Notice that to create a VBufferEditor you need a ref VBuffer. If you have an in VBuffer parameter in your method, it won't be possible to create a VBufferEditor since you can't pass an in parameter to a ref parameter. However, this isn't completely fool-proof because a method could copy the VBuffer to a local variable, and then use that as a ref to create a VBufferEditor. With this, the method could then modify the individual elements of the buffer. However, this is unlikely, and since the person writing the method has control of the method signature, if they really want to modify the buffer, they should change the signature to be a ref parameter.

Alternative Approaches Considered

As part of my prototyping and investigation I considered the following approaches, but they were rejected:

  1. Split VBuffer into DenseVector and SparseVector.
    • This was deemed as too much of an architectural re-design to too many parts of ML.NET. For example, public interface IValueMapper only allows for a single InputType. However, if vectors were represented by 2 different types, types like this would need to be changed to handle multiple input types (and output types).
  2. Create a ref struct ReadOnlyVBuffer type that VBuffer is implicitly convertable to, and use it in methods that shouldn't modify the VBuffer in any way.
    • Because of the stack-only restrictions of ref struct, this is actually a poor performing solution because of how many times VBuffers are held onto in either arrays, member variables, or passed through lambda expressions. The VBuffer code is very performance optimized today - using ref parameters everywhere so the values aren't copied on method call. Doing the conversion to ReadOnly is cheap, but isn't free. The KMeansAndLogisticRegressionBench benchmark showed up to a 10% perf loss with this solution.
  3. Create a regular readonly struct ReadOnlyVBuffer that VBuffer is implicitly convertable to.
    • This solution can be made to work within the existing performance characteristics of VBuffer. But after giving it some thought, adding a completely new type didn't seem necessary now that we have in parameters. Adding a ReadOnly type is extra complexity that I'm not sure outweigh the benefits.
TomFinley commented 6 years ago

Hello @eerhardt , thank you very much for writing this up. I am strongly in favor of the changes you have outlined for VBuffer, though you know this I'm sure. :) It seems to be as simple as possible, which is quite nice.

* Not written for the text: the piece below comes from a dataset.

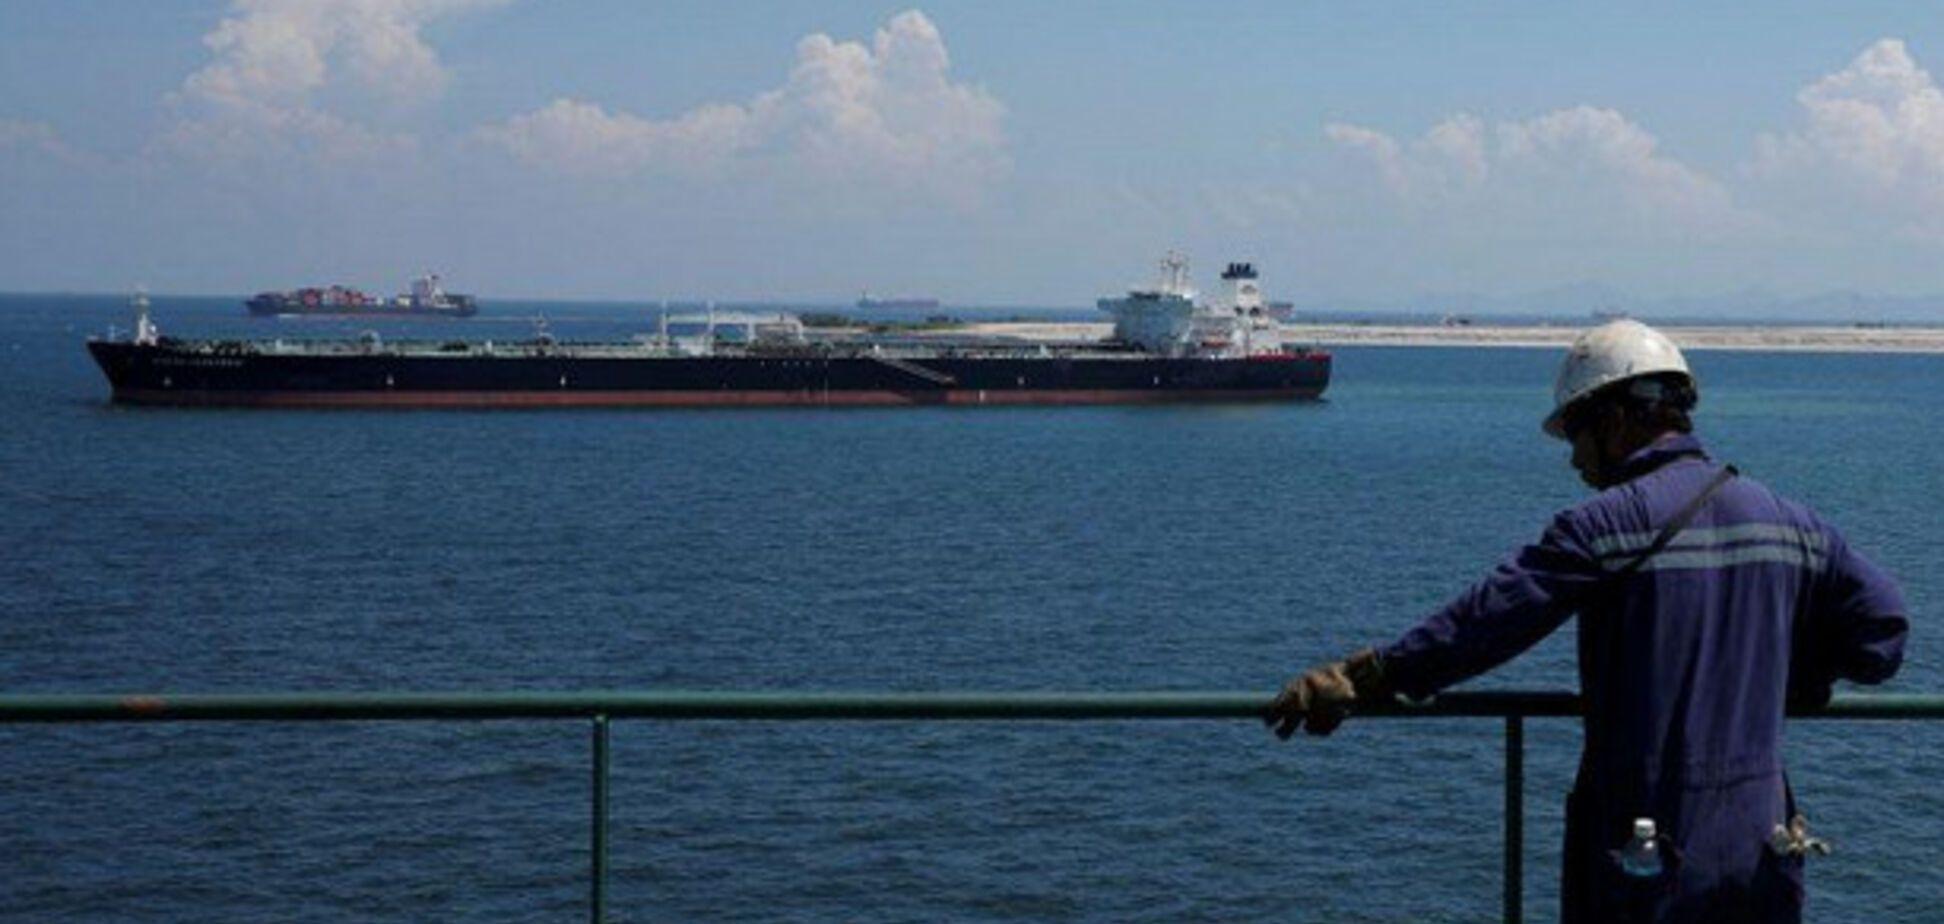 Разгар нефтекризиса: Калифорнию окружили танкеры с 20 млн баррелями сырья
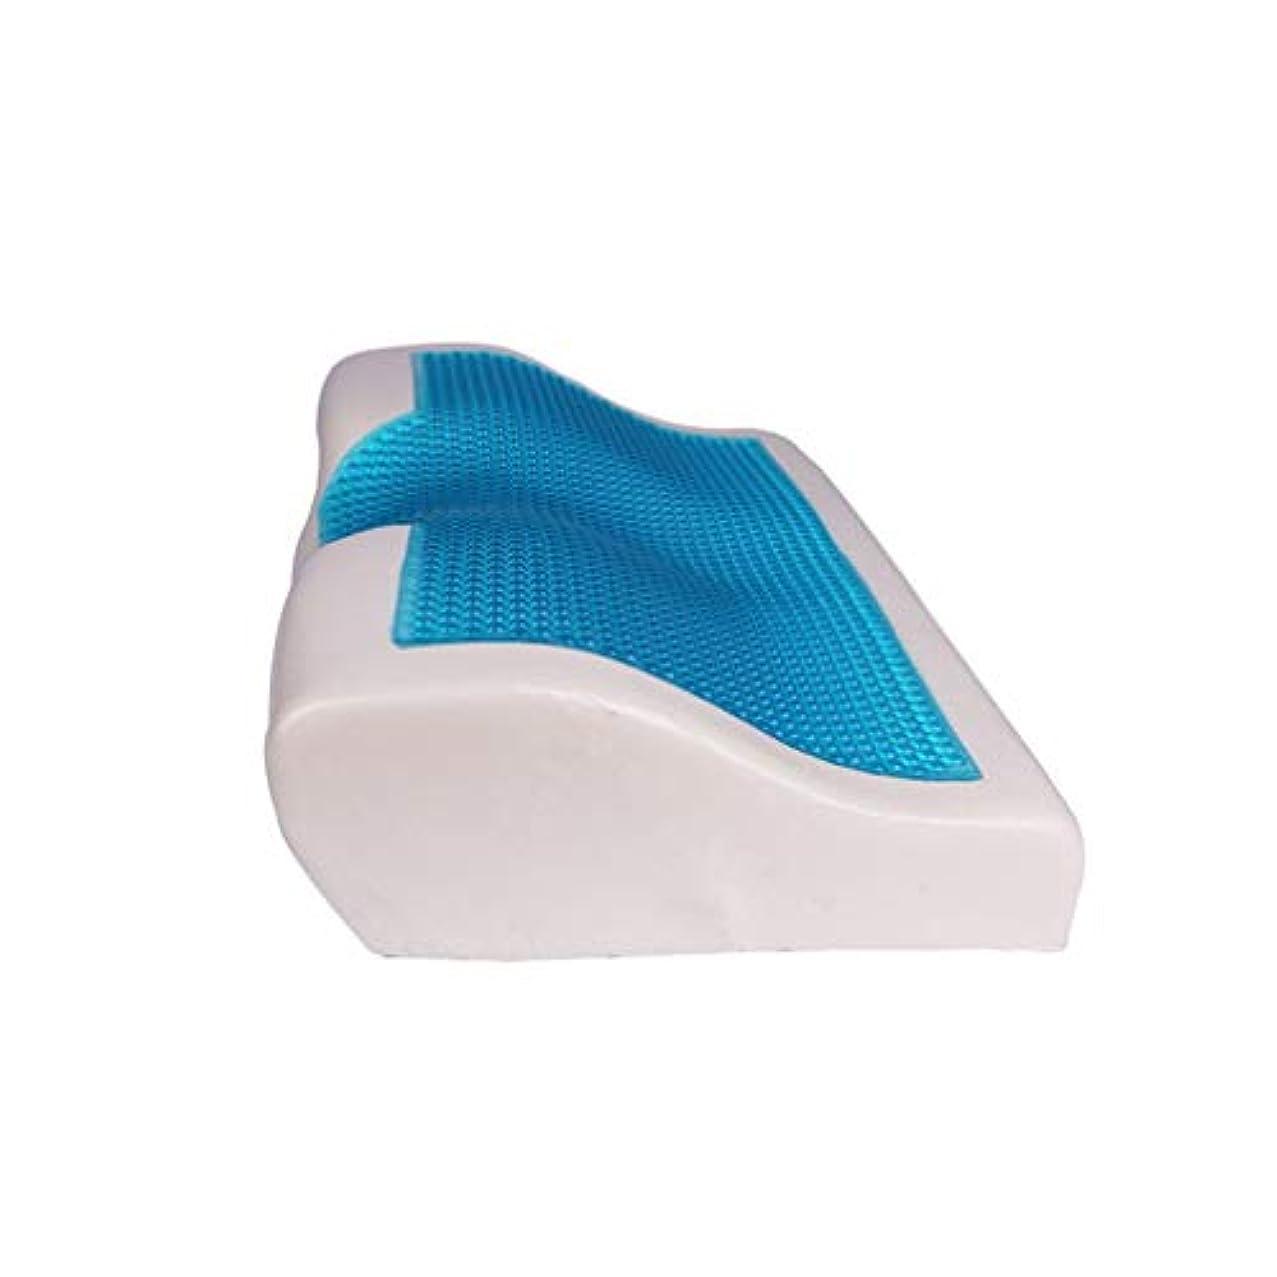 レオナルドダ選択薬を飲む低反発クールなジェル枕夏の冷たい眠りの青涼しい快適なジェルベッド枕クッション用寝具

Let us therefore talk most about VBufferMutationContext. I also like this idea a lot, but since much of the motivation for this change is, as you say, to simplify potential misuse that we've seen over the years, even to the point of requiring the document you reference, we ought to try to make this as simple as possible as well. For that reason I am wondering if we can get rid of stuff.

out bool createdNewValues,
out bool createdNewIndices,
bool keepOldOnResize = false

I am somewhat curious about these parameters, because I'm wondering if we can somehow do away with them. It seems like keeping old on resize in the case of VBuffer specifically.

The out bool created... parameters are a bit more tricky. I am supposing, but do not know, that it is meant to service this sort of scenario:

https://github.com/dotnet/machinelearning/blob/d262171c827b70afb616cbe9397e372ee386c6c9/src/Microsoft.ML.Core/Utilities/VBufferUtils.cs#L406

Here we have a strong difference in implementation between the case where new data is created vs. old data, since we are modifying things in place. I wonder however, if this is the only case where the difference in implementation is so stark, since relatively few operations are in place in this fashion. If this is really the only place it is important, I might consider just making densify in the same assembly and considering it a privileged operation.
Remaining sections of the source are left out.